The exhibit “Looking Back at Gee’s Bend: The Photographs of John Reese, 1980” is currently on display at the Chebie G. Bateman building of the Columbus-Lowndes Public Library.
On loan from the Birmingham Public Library, the exhibit explores Gee’s Bend, a unique African-American community situated deep within a bend of the Alabama River in Wilcox County, Alabama. With the existence of only one road in or out of the area and limited transportation, life in Gee’s Bend remained much the same and relatively free of outside influences for decades.
North Carolinian Joseph Gee originally settled the area. Gee and the planters who succeeded him brought slaves into the area to work their cotton fields. Following the Civil War and emancipation, many former slaves remained in Gee’s Bend (the Bend), choosing to work as tenant farmers. During the Great Depression many white landowners were forced into bankruptcy and therefore the federal government purchased large tracts of their lands in the Bend. This land was then divided into 40-acre units, with a house and a two-story barn built on each unit. The government then sold these farms to African-American residents at affordable prices.
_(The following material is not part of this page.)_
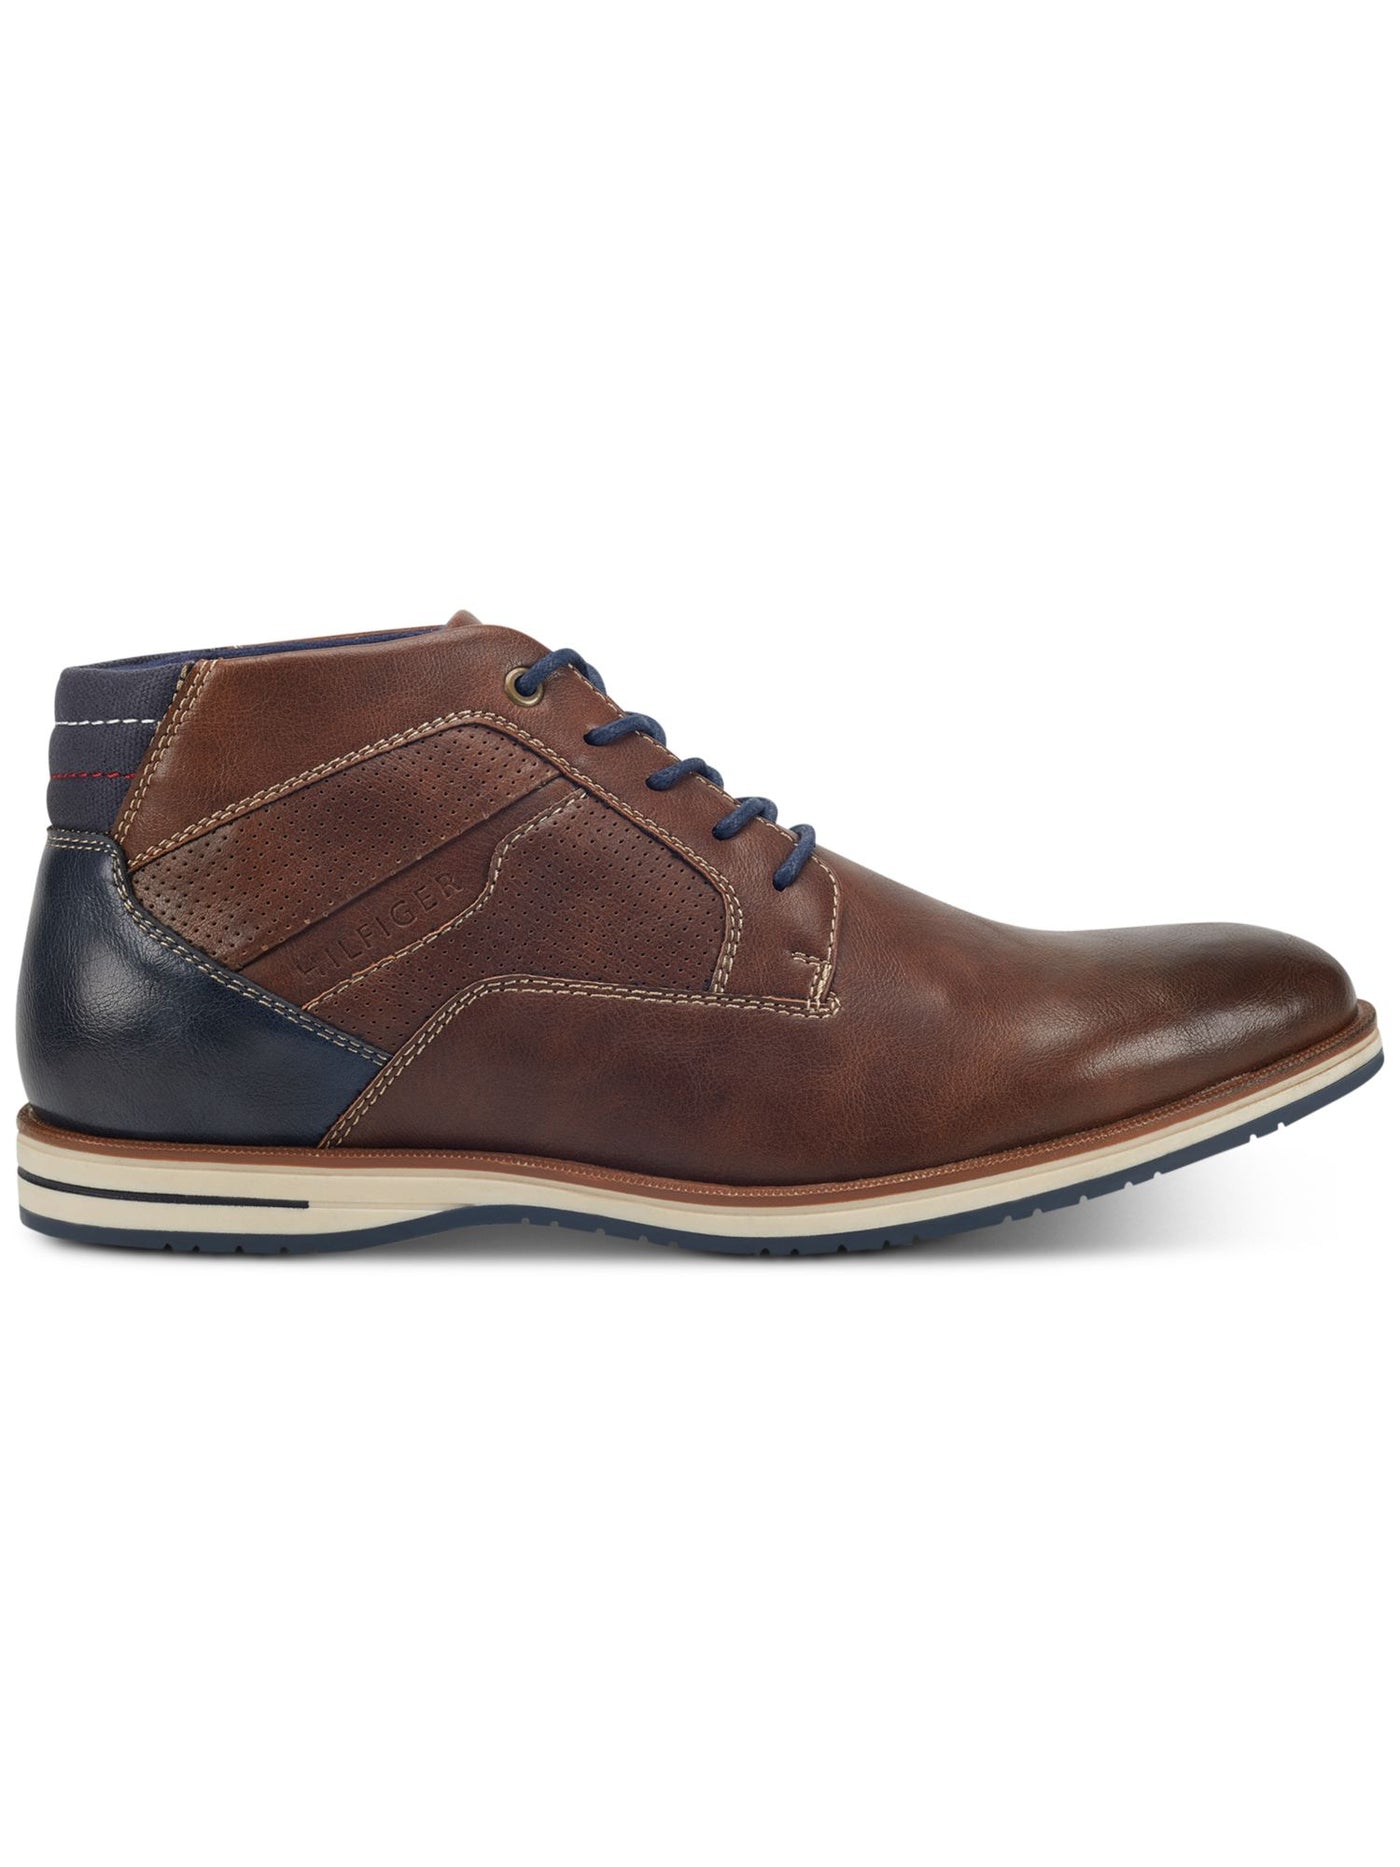 TOMMY HILFIGER Mens Brown Cushioned Comfort Ulan Round Toe Platform Lace-Up Chukka Boots 11.5 M
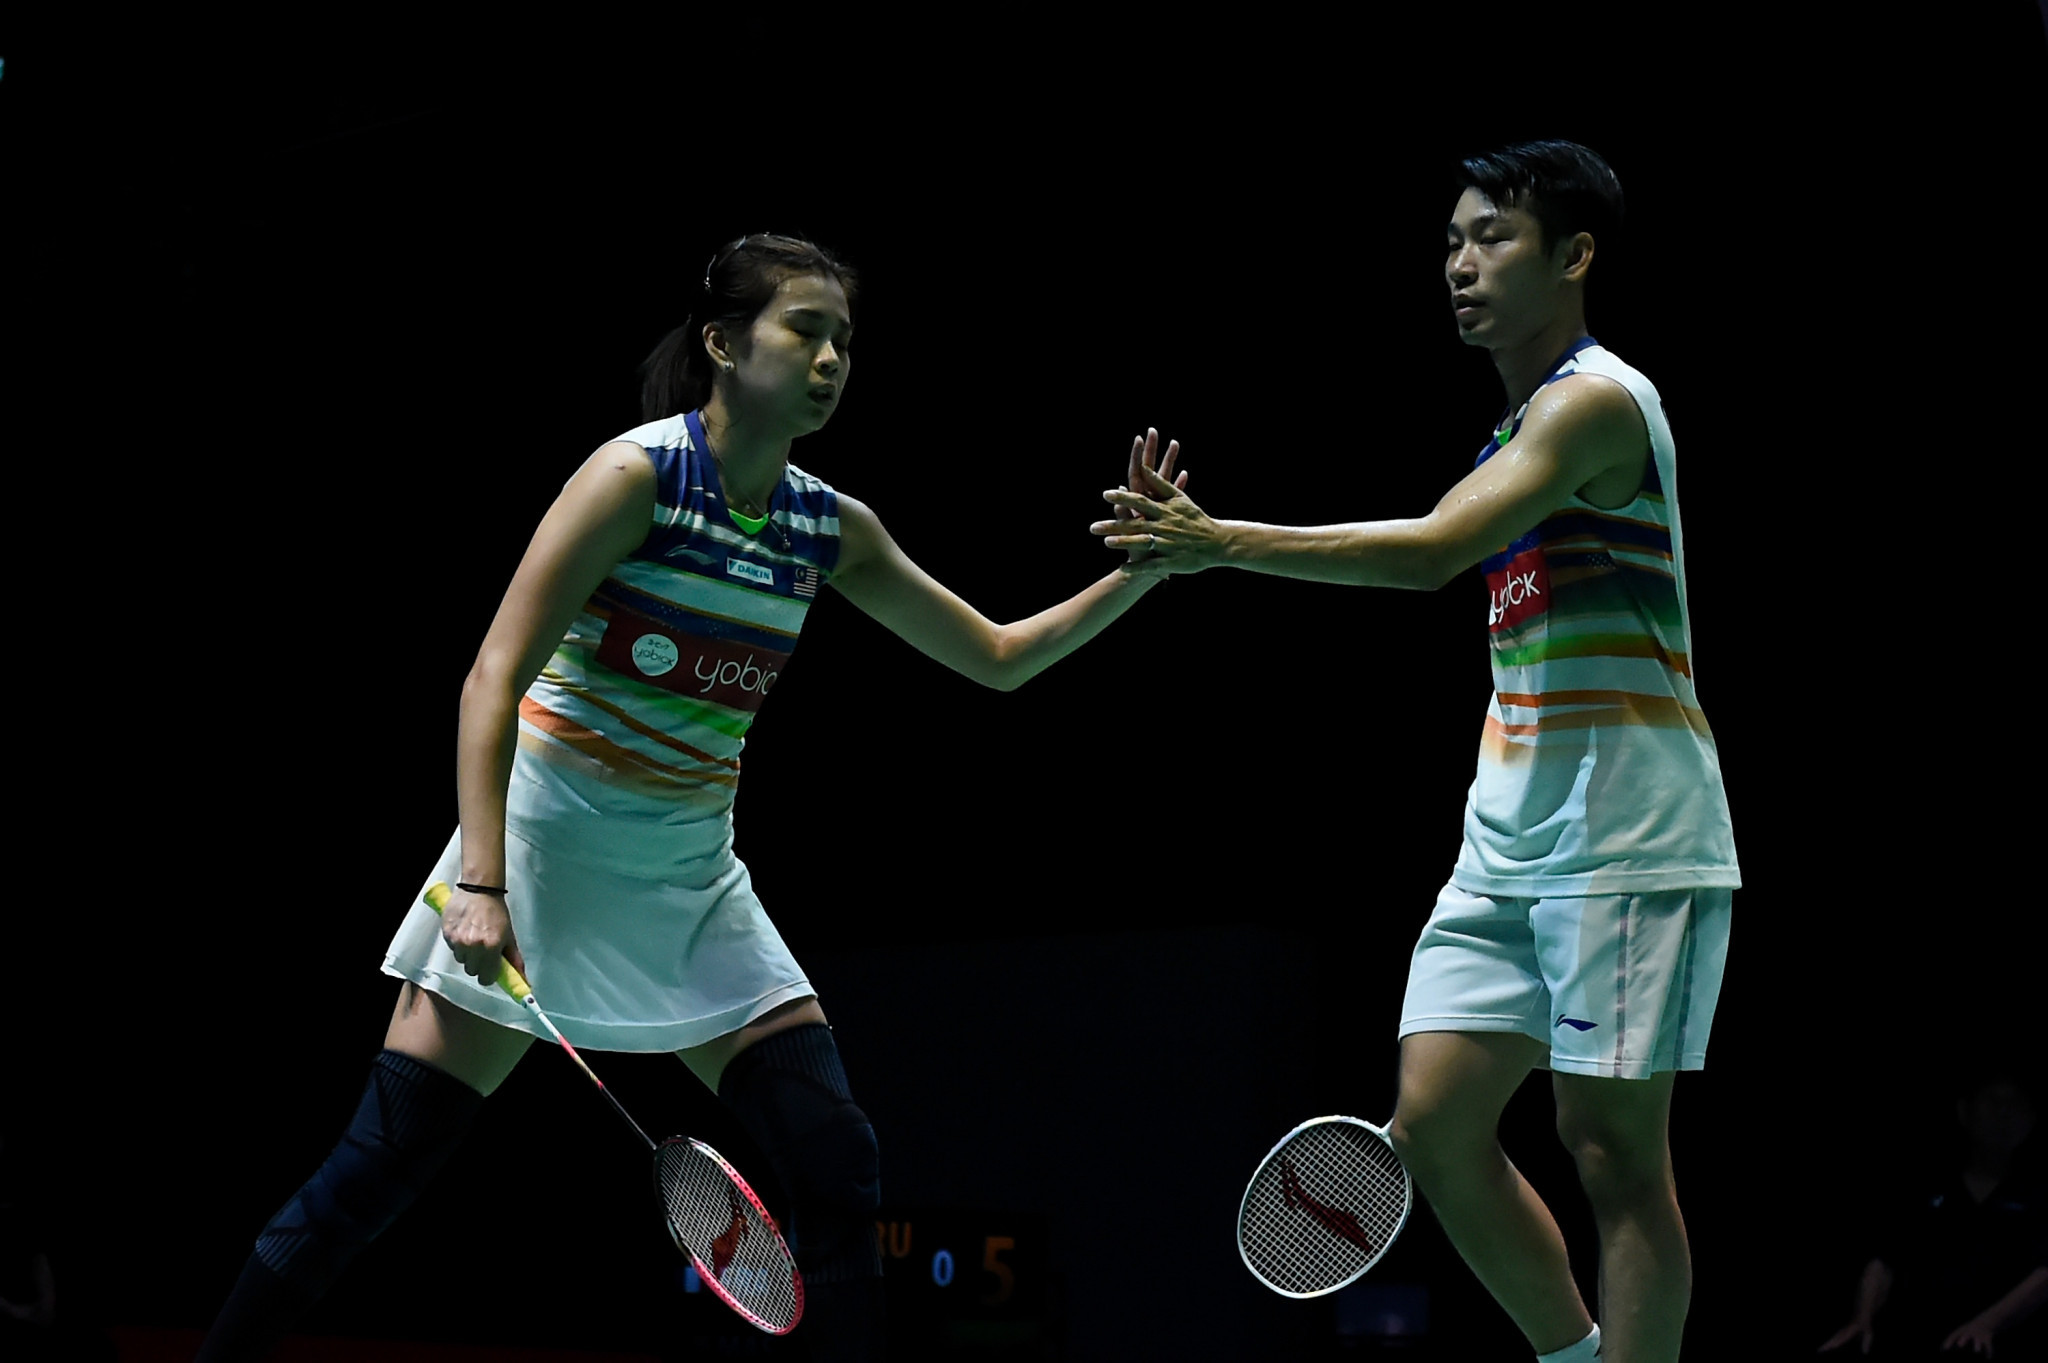 Top seeds Chan Peng Soon and Goh Liu Ying of Malaysia battled to a three-game win in the first round of the mixed doubles at the BWF Swiss Open ©Getty Images

In an effort to capture this distinctive community, the Birmingham Public Library began documenting the area in 1978. This endeavor resulted in the creation of 450 photographs taken by photographer John Resse from 1980-81 of the life and people of the Bend. Reese captured portraits of residents, pictures of houses, barns, churches, baptisms, the school, landscapes, farmers, and quilters. Select images from this collection are included in the “Looking Back at Gee’s Bend” exhibit.
The exhibit is on display now until Tuesday, Feb. 26 of Black History Month.